The next most frequent outcome is false positive at 5%, which covers detections which do not have corroborating AIS data within the same one-minute interval. This is a difficult category, as there is no way of knowing for sure how many of these results are due to a vessel simply not having an AIS transmitter and how many are genuine falsely-triggered detections. Again, for the purposes of providing a measure of reliability, AIS data is considered the best available ground truth and the reliability results work on this assumption.

The next outcome is false negative, in which is when there is AIS data within the detection radius, but the vessel detector does not detect anything at the time. This makes up only 1% of the monitoring time during the experiment and could be due to many reasons, including distance, signal strength, vessel orientation, sea conditions, vessel type (i.e., sail boat), and vessel engine status (i.e., could be idle). A vessel’s orientation relative to the sensing node has already been illustrated as a detection issue by field trial results presented in Section 3.2.1. Another potential reason for the false negative result is that the vessel detection algorithm may require further threshold refinements. However, given that this result constitutes only 1% of 84 days of monitoring, it is an encouraging initial open sea deployment result and shows the high detection rate of vessels within 2 km.

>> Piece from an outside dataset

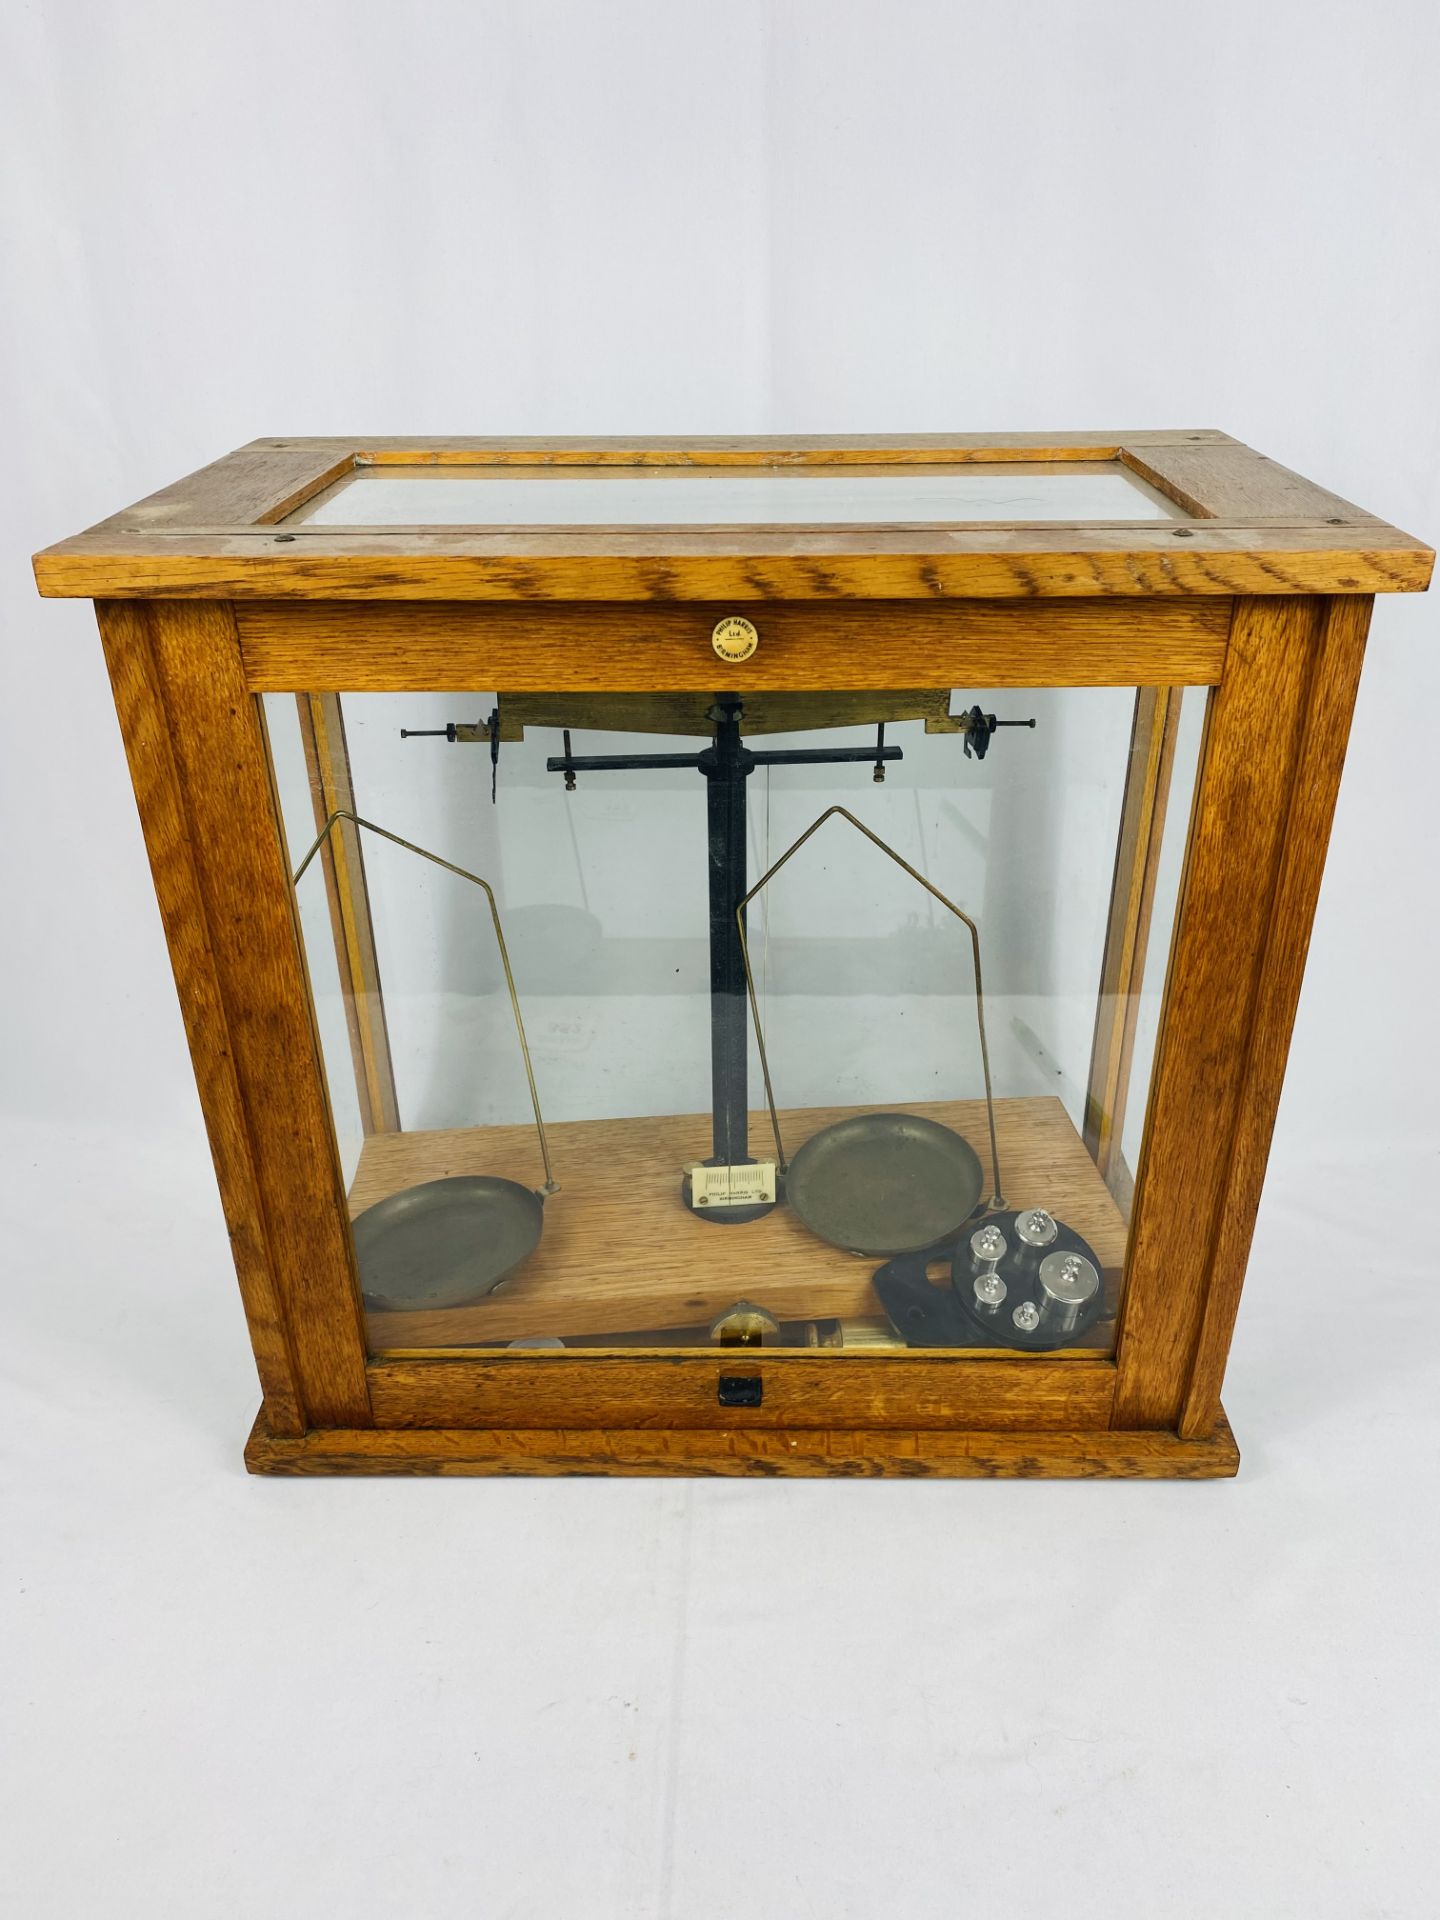 A set of balance scales by Philip Harris of Birmingham - Image 4 of 4

The final outcome is true positive, which represents the times when both the vessel detector and local AIS data agree that a vessel is present within the 2 km detection area.

Using the data for the four possible outcomes, Figure 22 shows the percentage of results that were corroborated by local AIS data. This shows that 94% of the results produced were verified using the best available ground truth.

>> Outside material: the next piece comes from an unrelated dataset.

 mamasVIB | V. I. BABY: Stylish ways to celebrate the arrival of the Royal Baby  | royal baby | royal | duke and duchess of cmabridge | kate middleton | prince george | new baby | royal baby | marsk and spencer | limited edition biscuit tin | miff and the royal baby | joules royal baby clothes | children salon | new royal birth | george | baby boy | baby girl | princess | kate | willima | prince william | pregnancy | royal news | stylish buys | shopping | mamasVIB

As the results in Figure 21 show, there are many detections where no AIS data was present during the same one-minute time interval. These results have so far been classified as false positives for the purposes of analysing reliability in the absence of a true ground truth. We know that this classification is not completely true, as there is no legal requirement for certain vessels to carry AIS transmitters; therefore, a vessel may be present that has no AIS system on board. Many small vessels in the local fishing fleet or leisure users do not carry AIS. The only way that a 100% accurate ground truth could be obtained is by 24 h visual survey, which is not practical. Figure 23 illustrates the detection data where no AIS was present for various times of day. The plot was created using the total number of non-AIS detections for half-hour intervals using the entire 84 days of data.

The black trend line in Figure 23 contains dominating peaks, one in the early morning (06:00) and another in late evening (17:30). This may correspond with fishing traffic leaving Blyth Port at first light and then returning in evening before sunset. The data also suggests a higher-than-expected average of around 100 total detections per half-hour period using the entire 84 days of data. Many of these may be duplicate detections of the same vessel within a half-hour period. Without AIS data, it is difficult to say whether this average is accurate or whether there are some false detections within the non-AIS detection data.

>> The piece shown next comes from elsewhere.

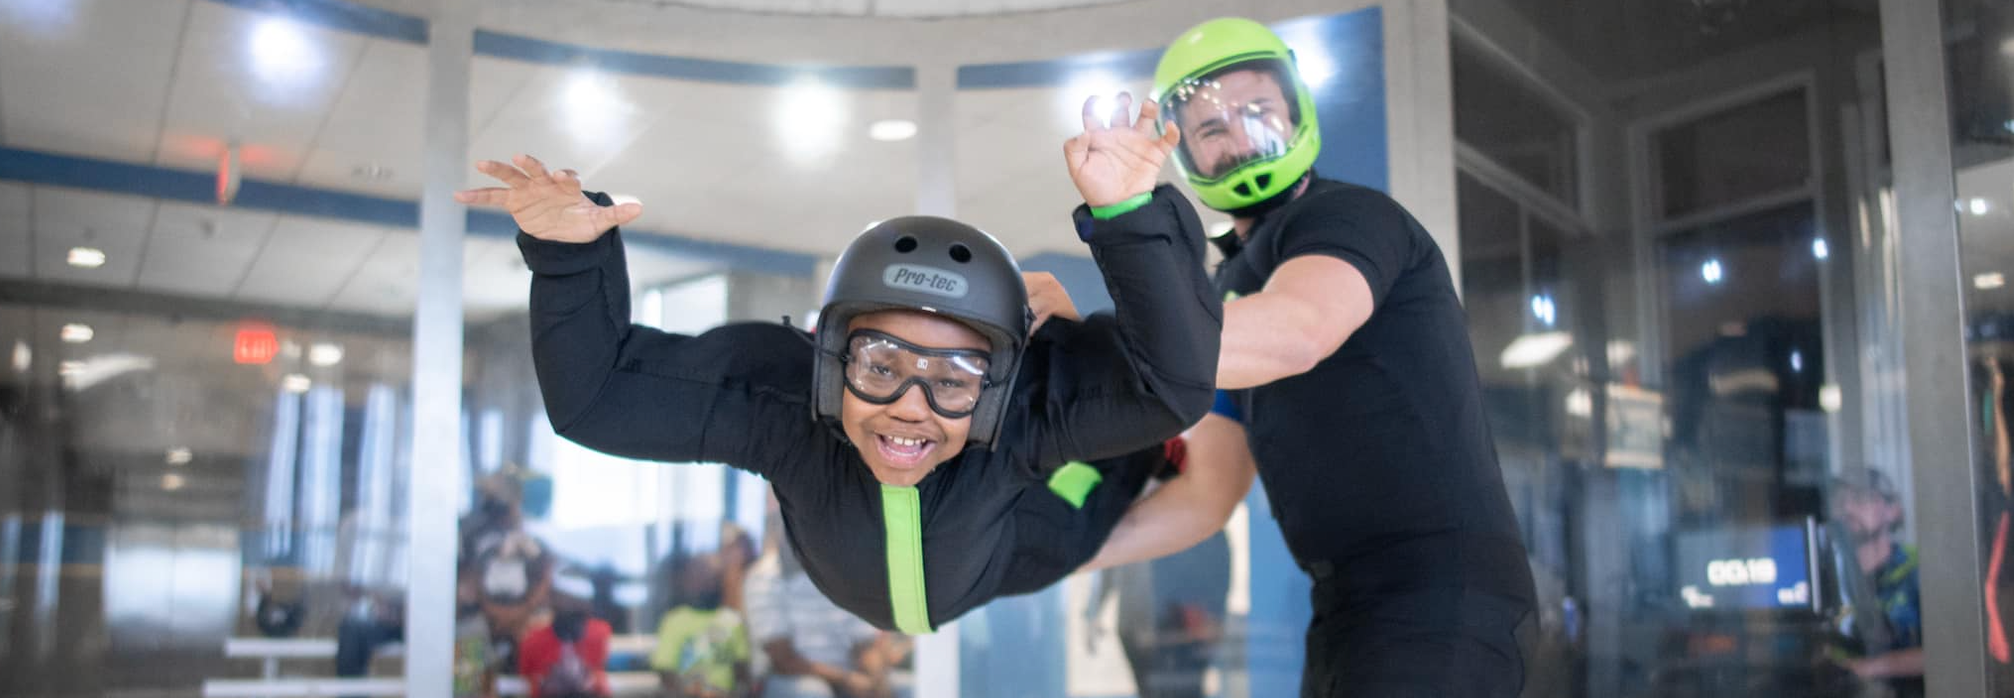 How Much Does Indoor Skydiving Cost? Paraclete XP Indoor Skydiving

To summarise, the reliability results presented are based on a long-term deployment of the vessel detector in harsh North Sea conditions. The detector was shown to operate in CADD mode during periods of intense weather. This shows that the algorithm is unlikely to produce false detections due to weather-related noise. Detection accuracy is an important factor, as any end user wants to have confidence in the detection data produced. In this trial, 94% of results were able to be corroborated with the best available ground truth, which is local AIS data.

3.4. Deployment

The latest deployment of the vessel detector is shown in Figure 24. The deployment rig shows the detector and battery pack accompanied by a Soundtrap device used to aid algorithm development in post-processing. The Soundtrap is a commercially available underwater recording device capable of sampling data at a rate of up to 576 kHz and storing this data using on-board memory [33].

To maximise the deployment duration, the power efficiency of the vessel detector is paramount. Some of the initial power saving methods adopted in the vessel detector’s design are documented in previously published research by Lowes et al. [16]. Further refinements have now been made and the vessel detector has been subjected to a long-term deployment where power efficiency can be evaluated.

During initial validation field trials, there was no restriction on how often the vessel detector could send data when a vessel was detected. One of the modifications made for the long-term field trial was to limit this potential continuous stream of data for the same vessel; the main reason being that acoustic transmissions consume significantly higher power (∼1.5 W) than the detection system. To limit unnecessary transmissions, the detector was programmed to only transmit a positive detection every minute unless the peak frequency detected was notably different from the previous detection. The reason for this is that if two vessels pass within the same time period, then the detector should ignore the one-minute limit restriction and report data unrestricted. This rule is based on the peak frequencies being different during the time period in which the two vessels pass. As shown in Section 1.1, the peak frequency of a vessel’s DEMON spectrum is directly related to the rate of rotation of the vessel’s propeller.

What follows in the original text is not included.